How do you avoid injuries? Those of you who have been training hard at the gym have possibly sustained some kind of minor injury - a sprain, spasm or sore muscle.

Weight training offers a multitude of health benefits as long as it is done in the right manner. It's not that you can't train hard and can only use one kg dumbbells - it only calls for applying your mind and following the right techniques.

Michael Yessis, well-known kinesiologist, has some simple suggestions to keep injuries at bay.

Assume that a person injures his shoulder muscle while performing the bench press. The trainee has to recollect where the barbell 'stood' at the moment of injury: was it up high or close to the chest?

Was he holding the barbell with an extremely wide grip; were his feet firmly placed on the ground; did he arch his lower back to an unnatural extent?

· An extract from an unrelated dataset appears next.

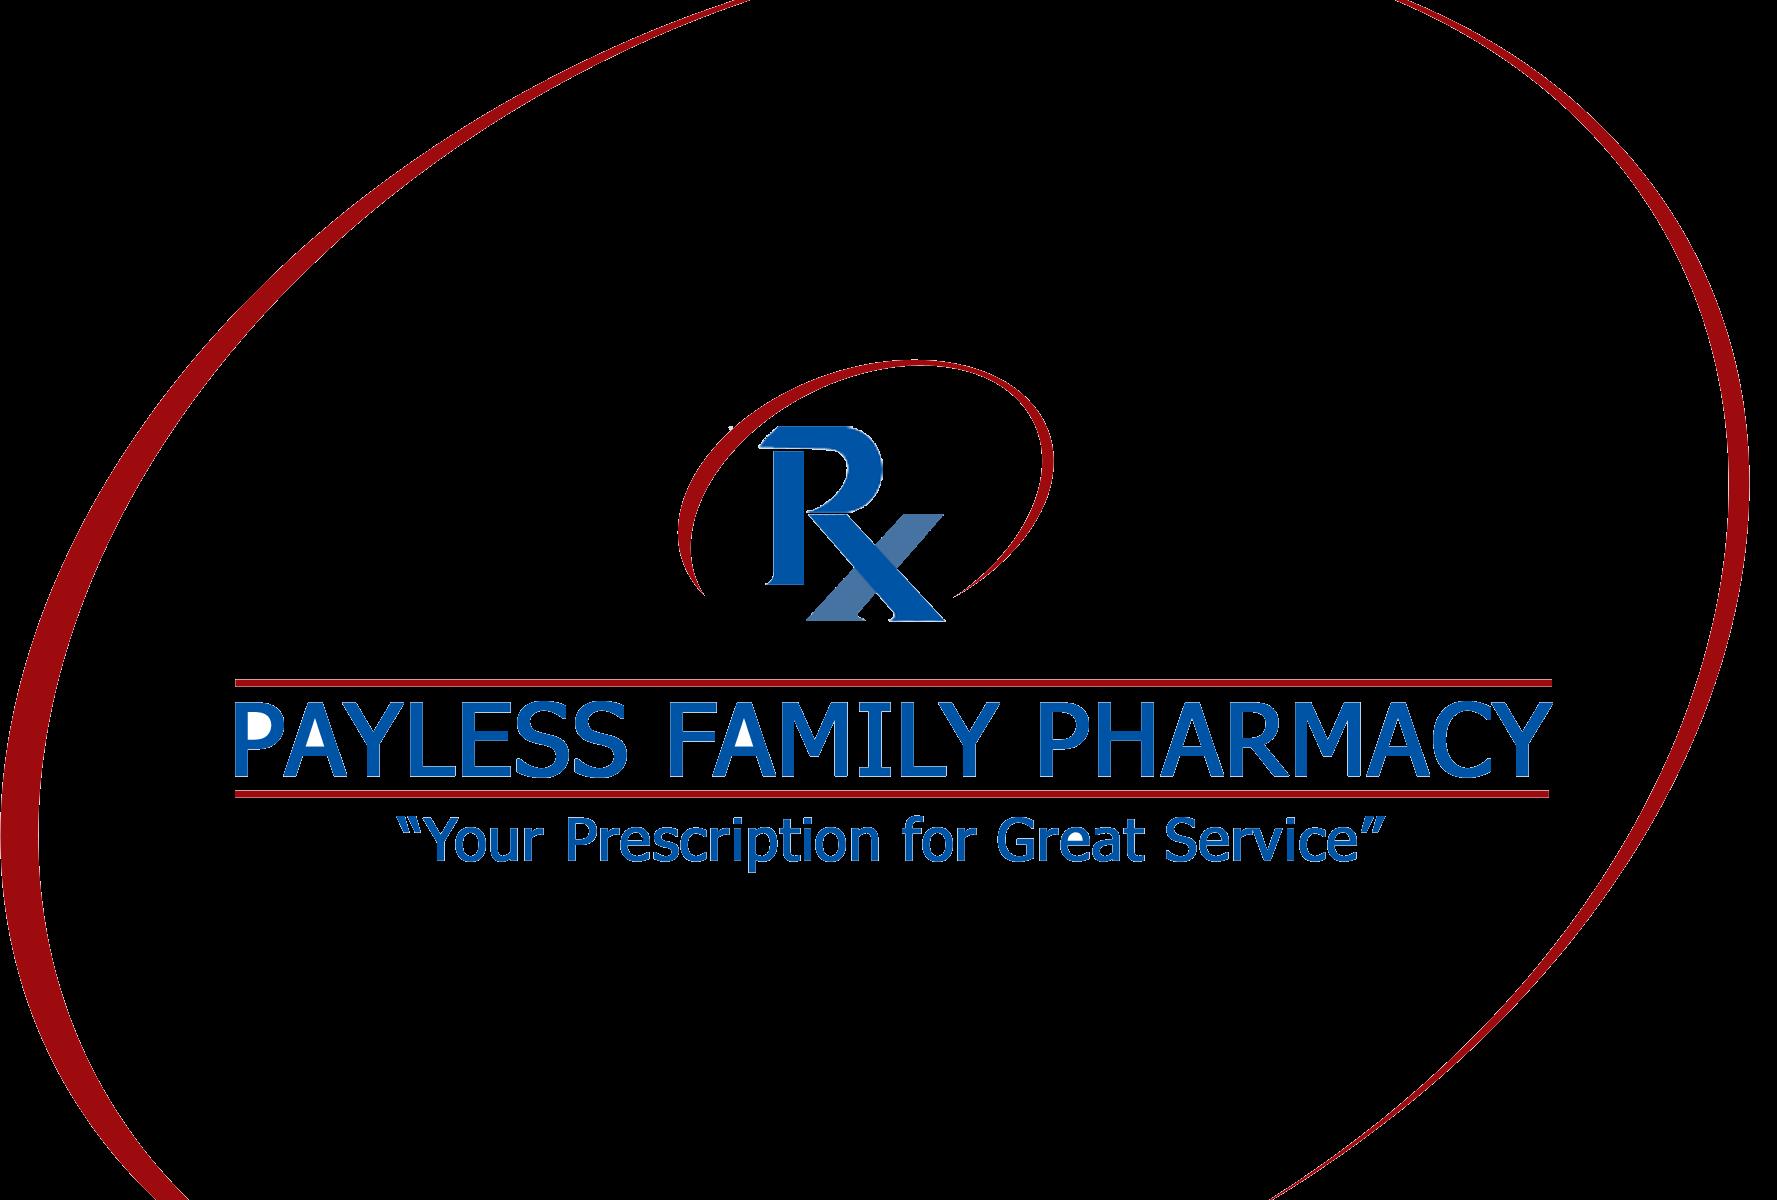 Payless Family Pharmacy

Yessis says that correcting such errors will prevent re-injury. Were the muscles well warmed-up before a heavy lift; were the trainees psychologically prepared for hard training; were they attempting to mindlessly 'lift' a weight that was too heavy for their current strength levels; were they trying to do countless number of repetitions; were the target muscles and whole body still sore from the previous workout?

Experts say that in nine out of 10 cases, one of these reasons alone can lead to injury.

Not eating the right kind of food, insufficient rest and trying to create records in lifting super-heavy weights at every workout can also inflict damage. Such training will not make you great at any sport or help achieve the look you desire. It will only slow down the body's recovery rate and degrade your current looks. Your immune system will also take a beating.

Train under proper guidance and use tailor-made training programmes. Pay attention to warm-ups and do not stretch your muscles when they are cool.

Those of you who intend to sculpt your bodies may increase the weights in small increments, about five pounds (approximately two kg) every third or fourth workout.

Once the target muscle is strong enough to handle that weight, you may increase the load by another two to five pounds.

Your body will progressively get stronger and athletic, yet remain healthy.